■ What is expected
With the pictures removed, write out the full listing below exactly.
━━ Data below
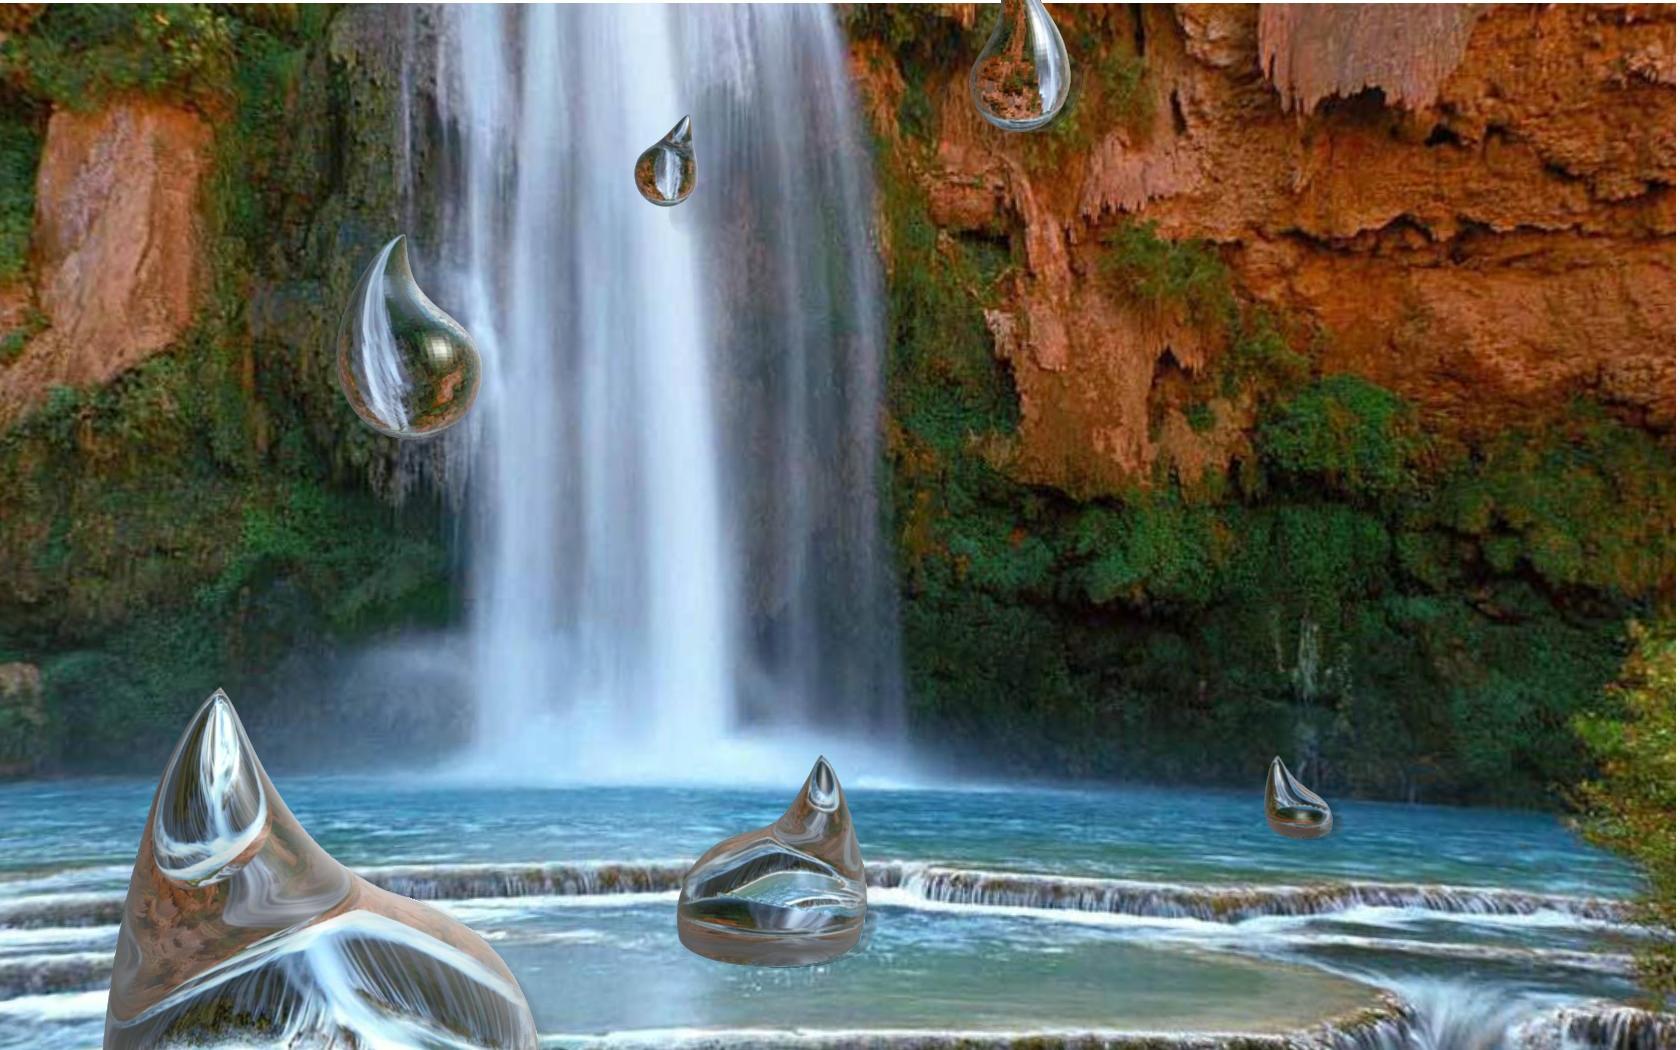 Floatin Drops by mugginz
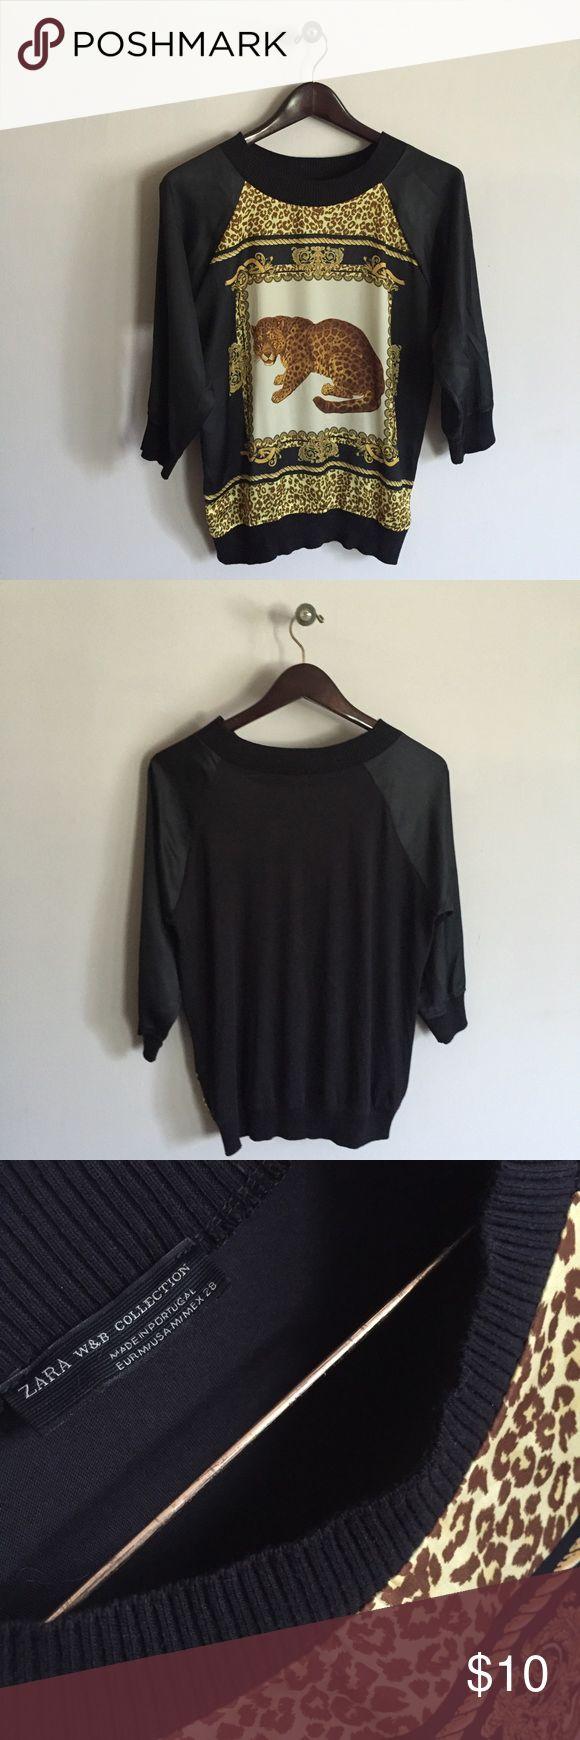 Zara women's leopard print shirt Great condition Zara Tops
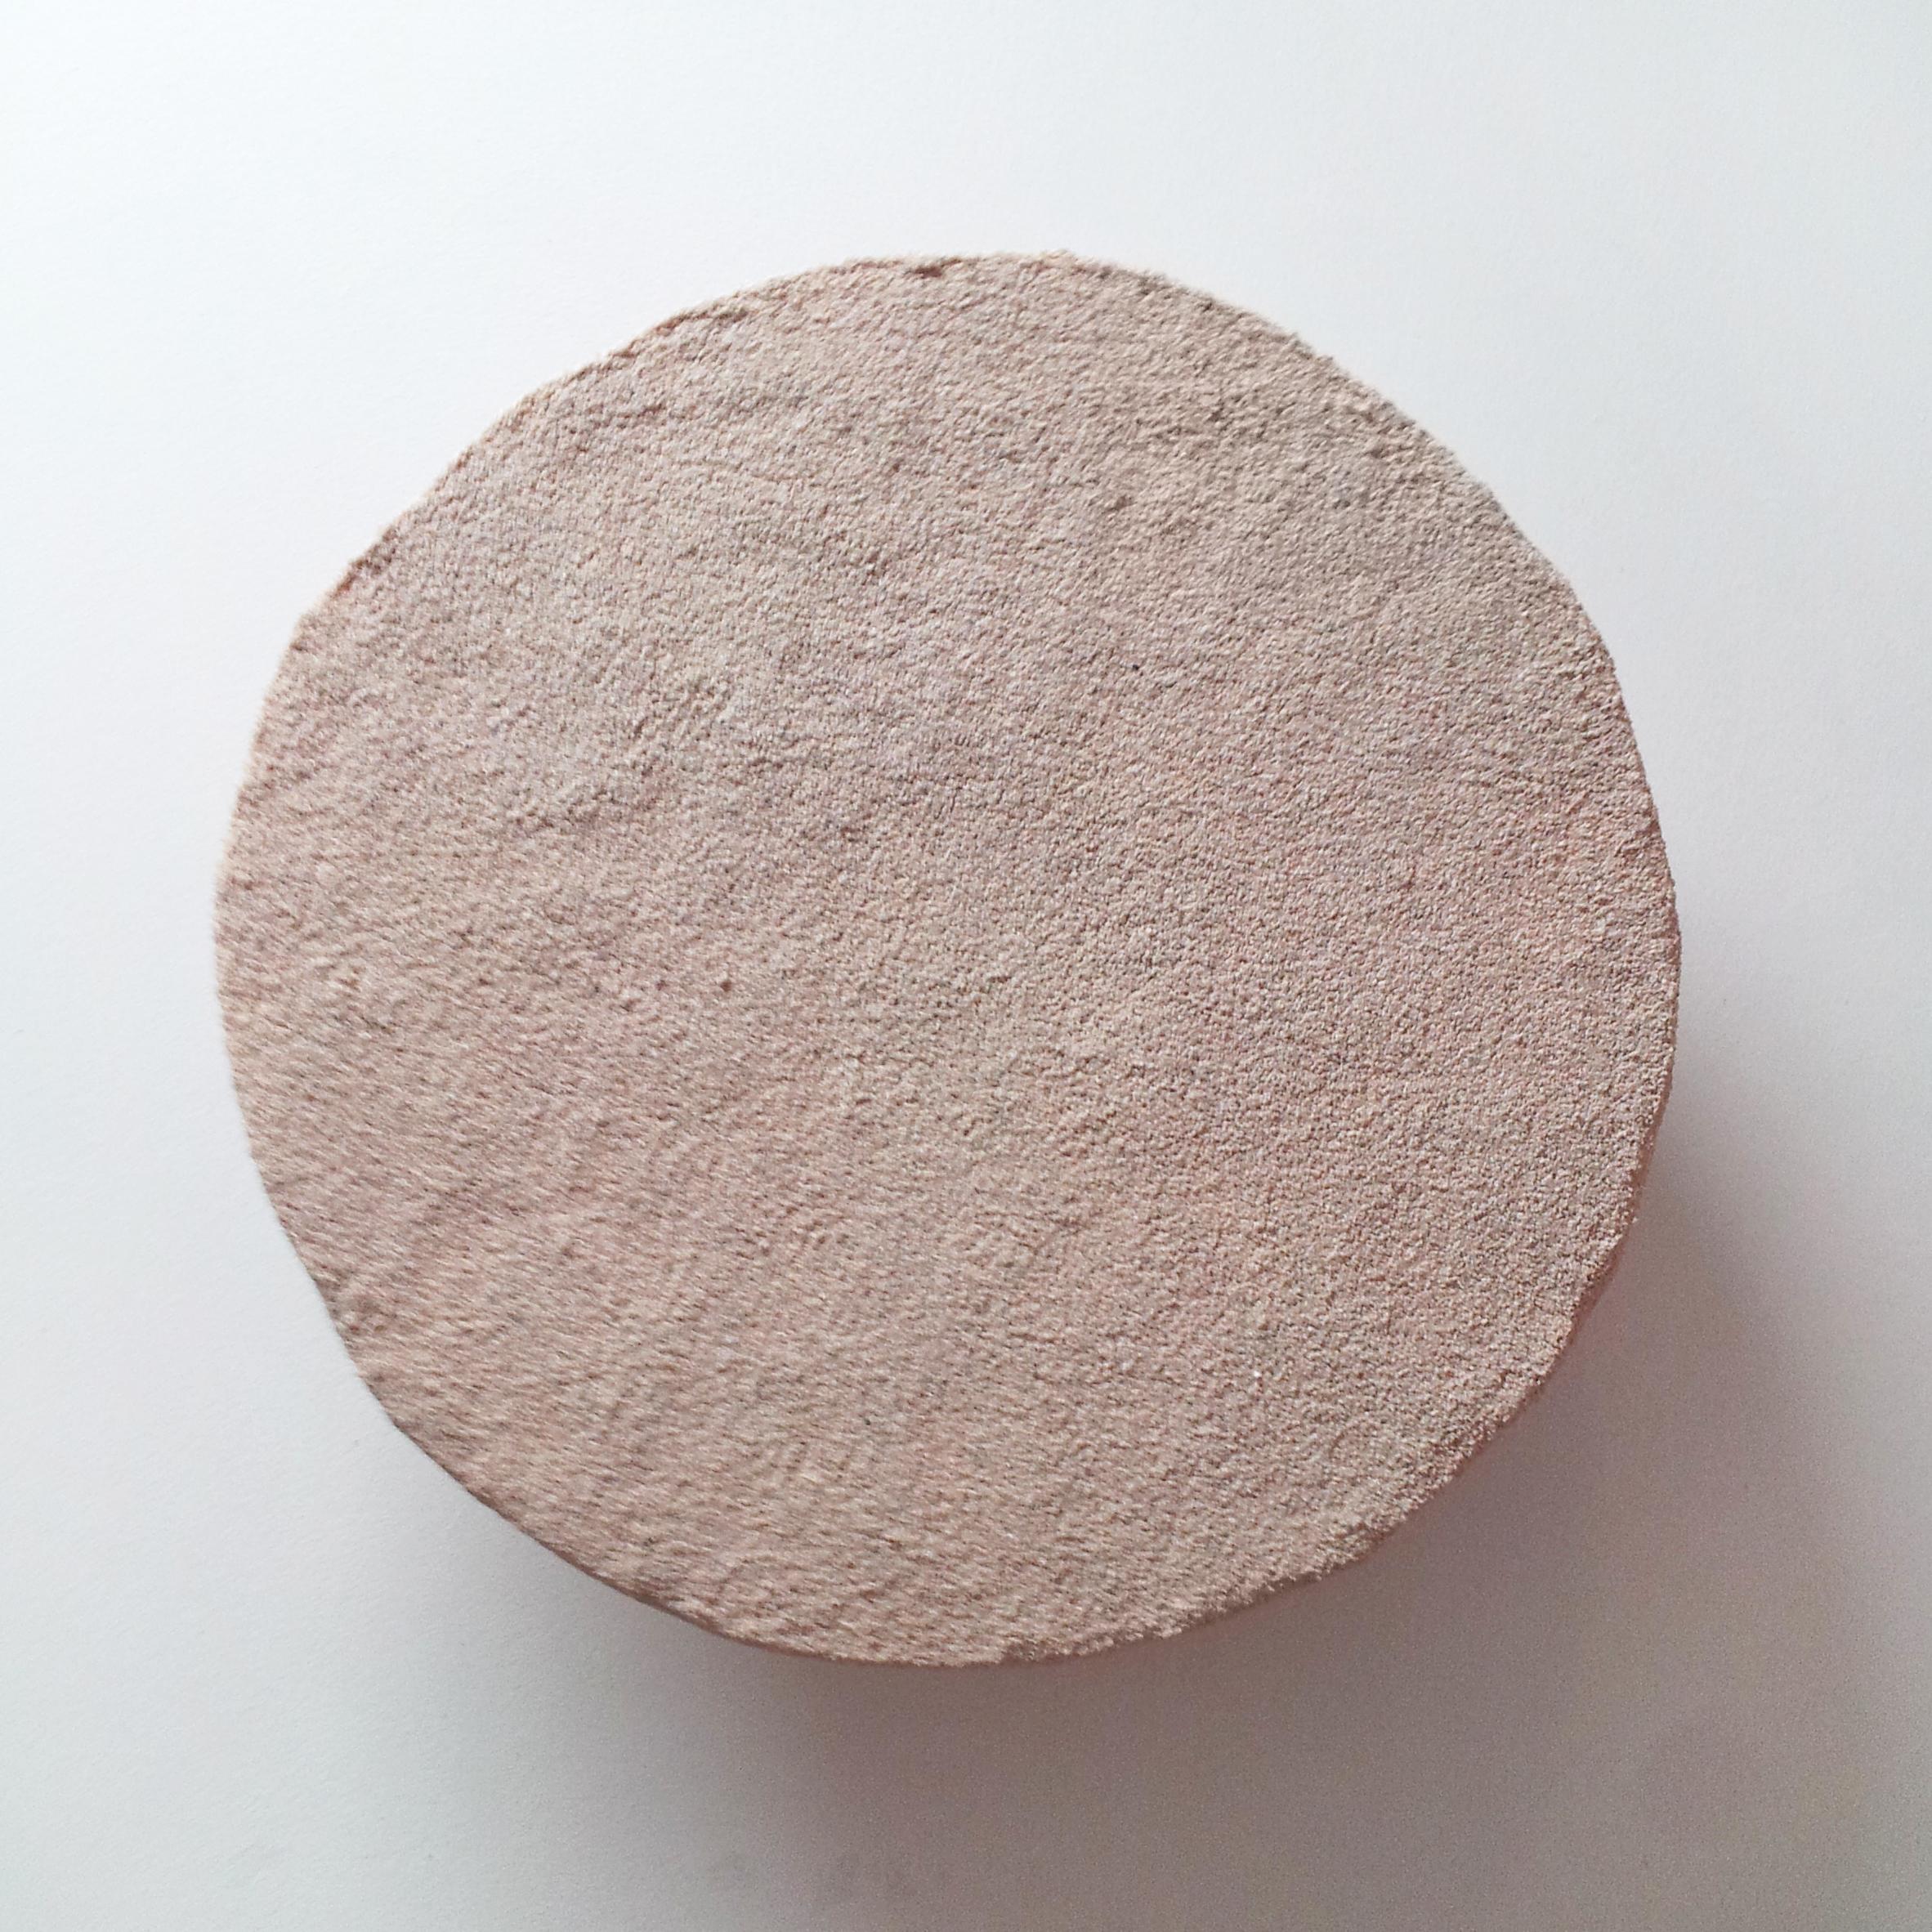 "Rachel Higgins, "" Clock,"" 2014,Polystyrene, cerastone, wood, hardware, 1RPM motor, AA batteries,13x13x3 in"
━━━━
■ Reply
 Floatin Drops by mugginz
 Zara women's leopard print shirt Great condition Zara Tops
 "Rachel Higgins, "" Clock,"" 2014,Polystyrene, cerastone, wood, hardware, 1RPM motor, AA batteries,13x13x3 in"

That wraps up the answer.